I always thought the Zumwalt was just a test bed for new stealth designs and new weapon systems .
But they have 2 and a third in sea trials .
That new frigate is what they want ,

I posted this video in my Ford Class carrier thread in chit chat back when he uploaded it :


I could be botching the terminology but the ship has two different types of propulsion systems, one similar to a jetski and a second one that I guess is more like a bow thruster but big enough to propel a ship run off diesel/gas turbine engines. The ship has a sorta of transmission system that and run the two propulsion systems together for extra speed but similar to a Ford lol the transmission system is doomed off the lot to imploded the old saying can't find them grind them and build your own.

Anyways these ships would be under way and they would engage the transmission and boom both propulsion systems down to limp mode and the ships would need to be towed in to port and taken out of the water or would limp back and spend months trying to solve the problem.

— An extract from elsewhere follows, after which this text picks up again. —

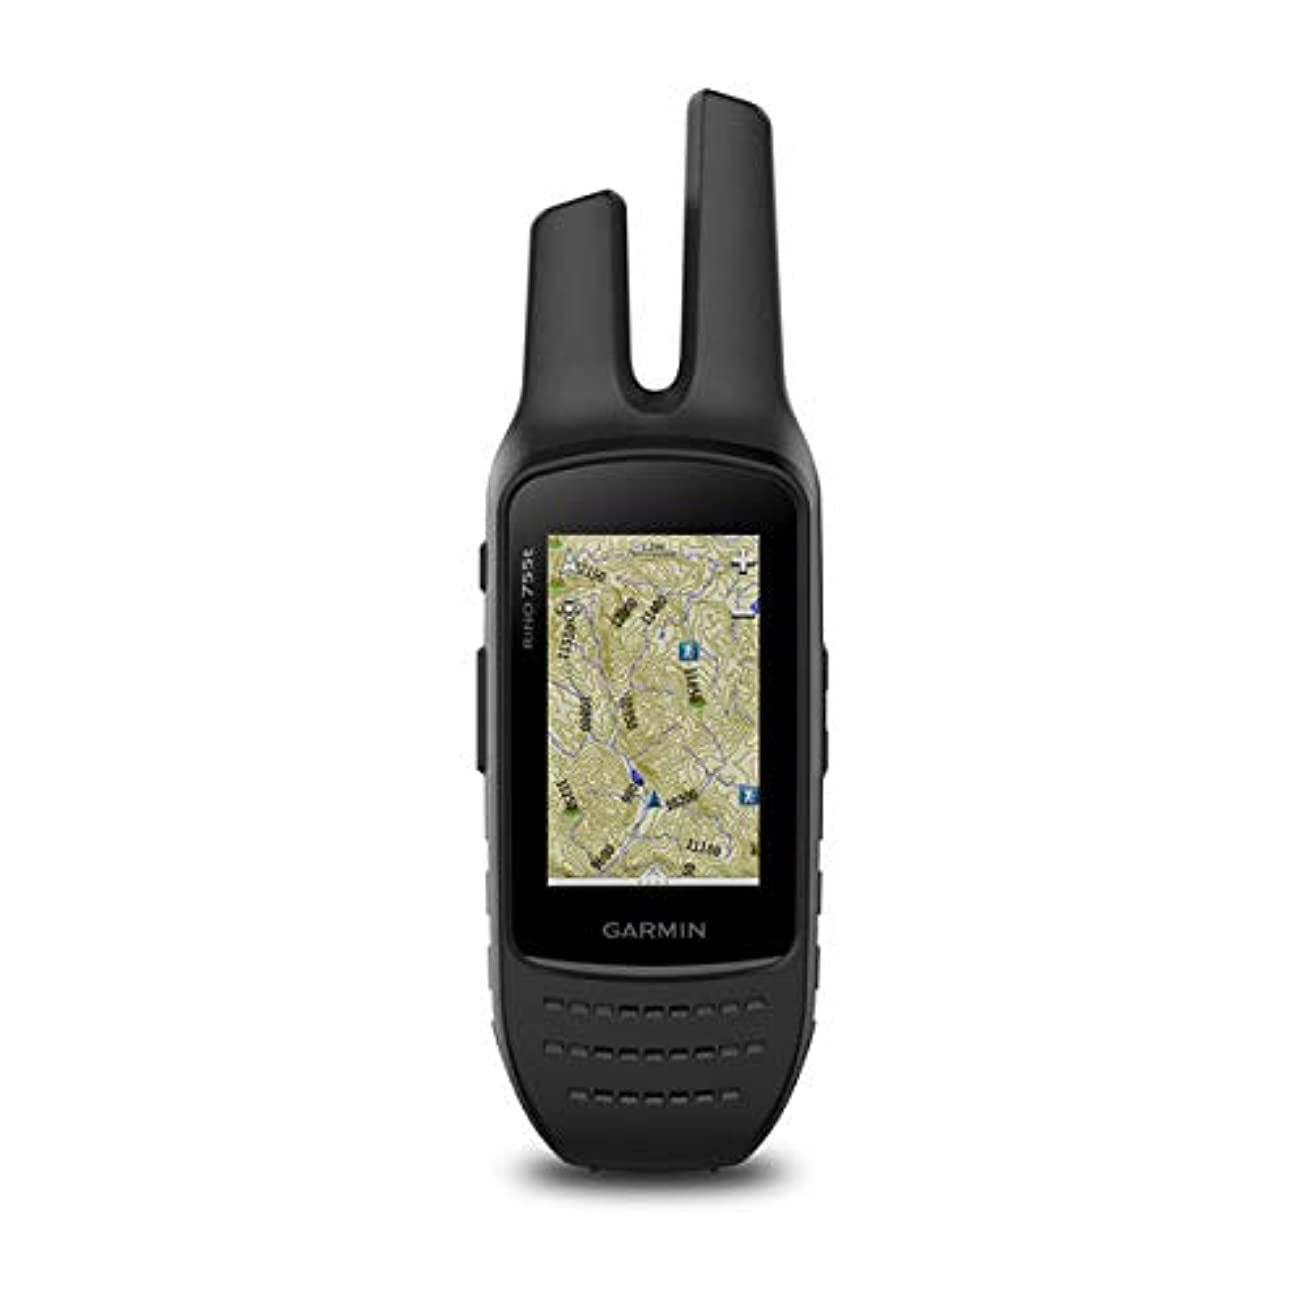 Garmin Rino 755t, Rugged Handheld 2-Way Radio/GPS Navigator with Camera and Preloaded TOPO Mapping flbfevmorent4

They put rules in place that the ships that werent broke couldn't engage the systems under certain circumstances. But ya these ships would become slower then the whole fleet when they were meant to be faster then most of the fleet.

As for the modular design it was like the IKEA of ships the idea was a two month turn around to swap modules the first swap took nearly a year the second 10 months.. there were countless problems they scrapped the idea all together.

As for the Zumwalt I know they have a third going into sea trials, and because the ungodly amounts of money they spent the navy is hesitant to really discuss the amount of short falls it's having they are desperately waiting for that rail gun system to be fully worked out and ready for use.

My opinion is the navy will eventually work it's way back towards surface combat ships because every country has something equally as powerful enough to take out a ship what we don't have any more is the brute force of naval gunnery to get up close in personal should we have to.